Object-oriented design principle of when & how to use inheritance: Liskov substitution principle (LSP):

“Base class should be interchangeable with any of its subclasses without altering any properties of the program”

e.g. whenever in our app we use BankAccount instance, substituting a CheckingAccount instead should not affect anything in the surrounding program - e.g. batch_withdraw() method worked regardless of kind of account

Syntactically: - method in subclass should have a signature with parameters and returned values compatible with the method in the parent class Semantically: - state of objects should stay consistent, subclass method shouldn’t rely on stronger input conditions, should not provide weaker output conditions, should not throw additional exceptions

Possible violations of LSP (where can’t use subclass in place of parent class):

  • syntactic imcompatibility
    • BankAccount.withdraw() requires 1 parameter, but CheckingAccount.withdraw() requires 2
      • Couldn’t use the subclass’s withdraw() in place of the parent’s
      • But if subclass had a default value for the second param, then no problem!
  • subclass strengthening input conditions
    • BankAccount.withdraw() accepts any amount, but CheckingAccount.withdraw() assumes amount is limited
  • subclass weakening output conditions
    • BankAccount.withdraw() can only leave a positive balance or cause an error, but CheckingAccount.withdraw() can leave negative balance
  • changing additional attributes in subclass’ method
  • throwing additional exceptions in subclass’ method

Ultimate rule: if your class hierarchy violates LSP, then you should not be using inheritance

examples

circle-ellipse problem

Square and rectangle

The classic example of a problem that violates the Liskov Substitution Principle is the Circle-Ellipse problem, sometimes called the Square-Rectangle problem.
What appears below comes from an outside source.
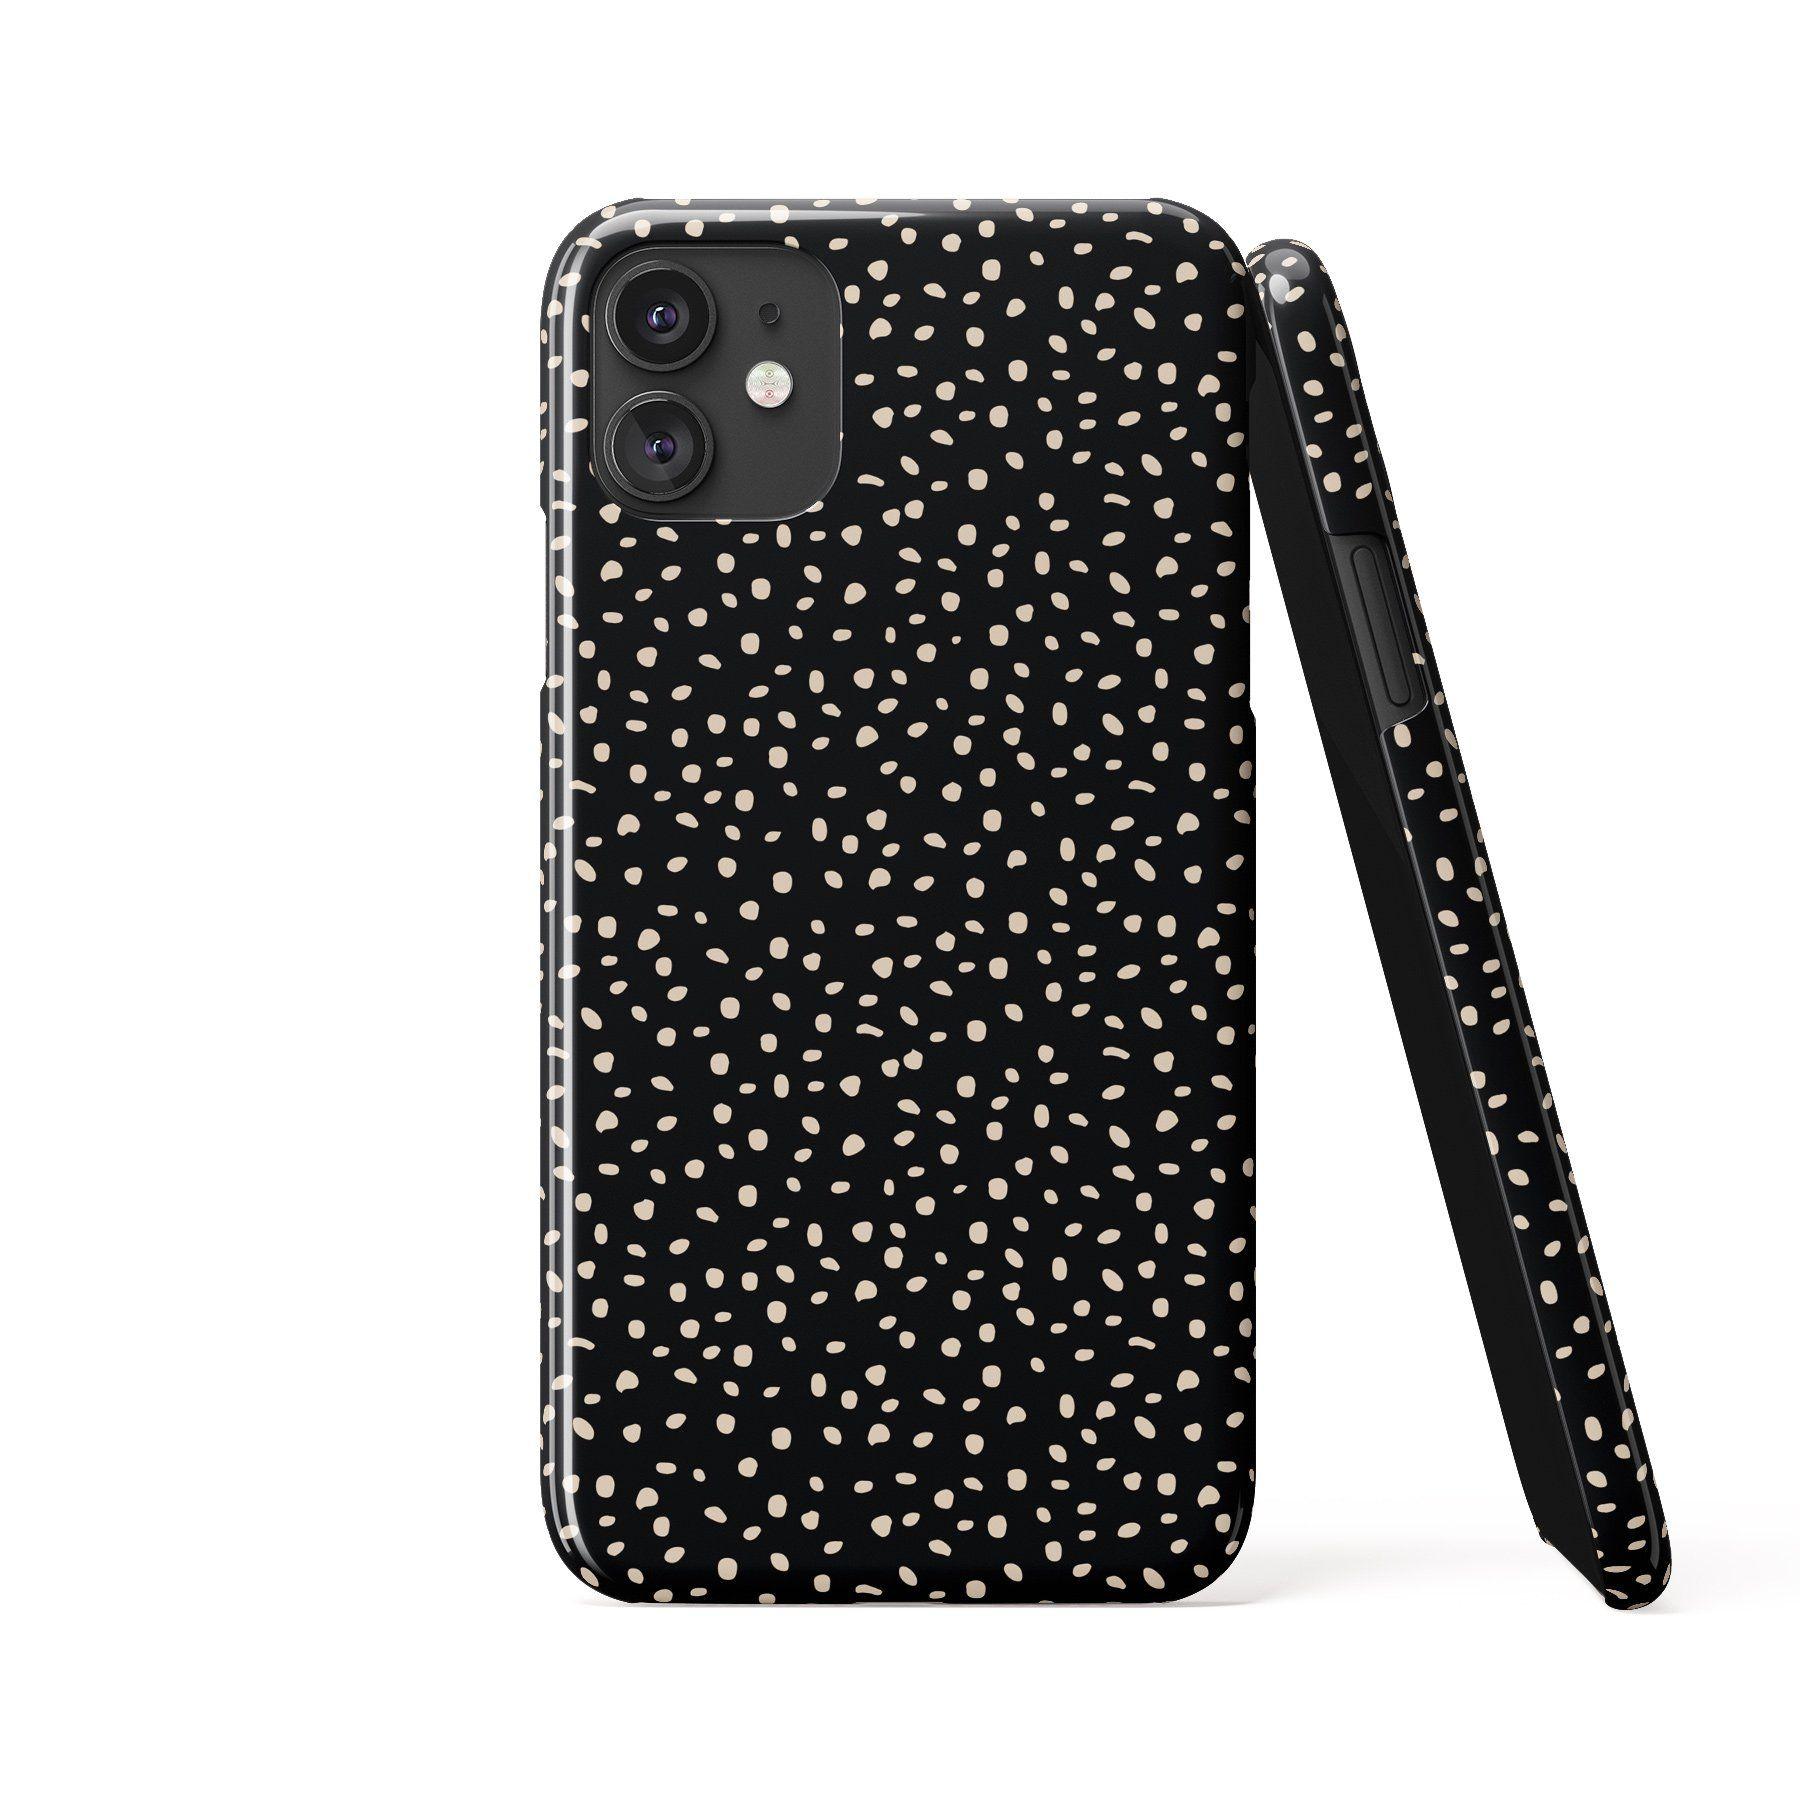 ALINA POLKA DOTS Black Phone Case - Samsung S20 Plus / Tough Case - Gloss

By all means, it seems like you should be able to define a class Rectangle, with attributes h and w (for height and width), and then define a class Square that inherits from the Rectangle. After all, a square “is-a” rectangle!

Unfortunately, this intuition doesn’t apply to object-oriented design.

# Define a Rectangle class
class Rectangle:
    def __init__(self, h, w):
      self.h, self.w = h, w

# Define a Square class
class Square(Rectangle):
    def __init__(self, w):
      self.h, self.w = w, w  

A Square inherited from a Rectangle will always have both the h and w attributes, but we can’t allow them to change independently of each other.

class Rectangle:
    def __init__(self, w,h):
      self.w, self.h = w,h

# Define set_h to set h      
    def set_h(self, h):
      self.h = h
      
# Define set_w to set w          
    def set_w(self, w):
      self.w = w
      
      
class Square(Rectangle):
    def __init__(self, w):
      self.w, self.h = w, w 

# Define set_h to set w and h
    def set_h(self, h):
      self.h = h
      self.w = h

# Define set_w to set w and h      
    def set_w(self, w):
      self.h = w
      self.w = w 

Later in this chapter you’ll learn how to make these setter methods run automatically when attributes are assigned new values, don’t worry about that for now, just assume that when we assign a value to h of a square, now the w attribute will be changed accordingly.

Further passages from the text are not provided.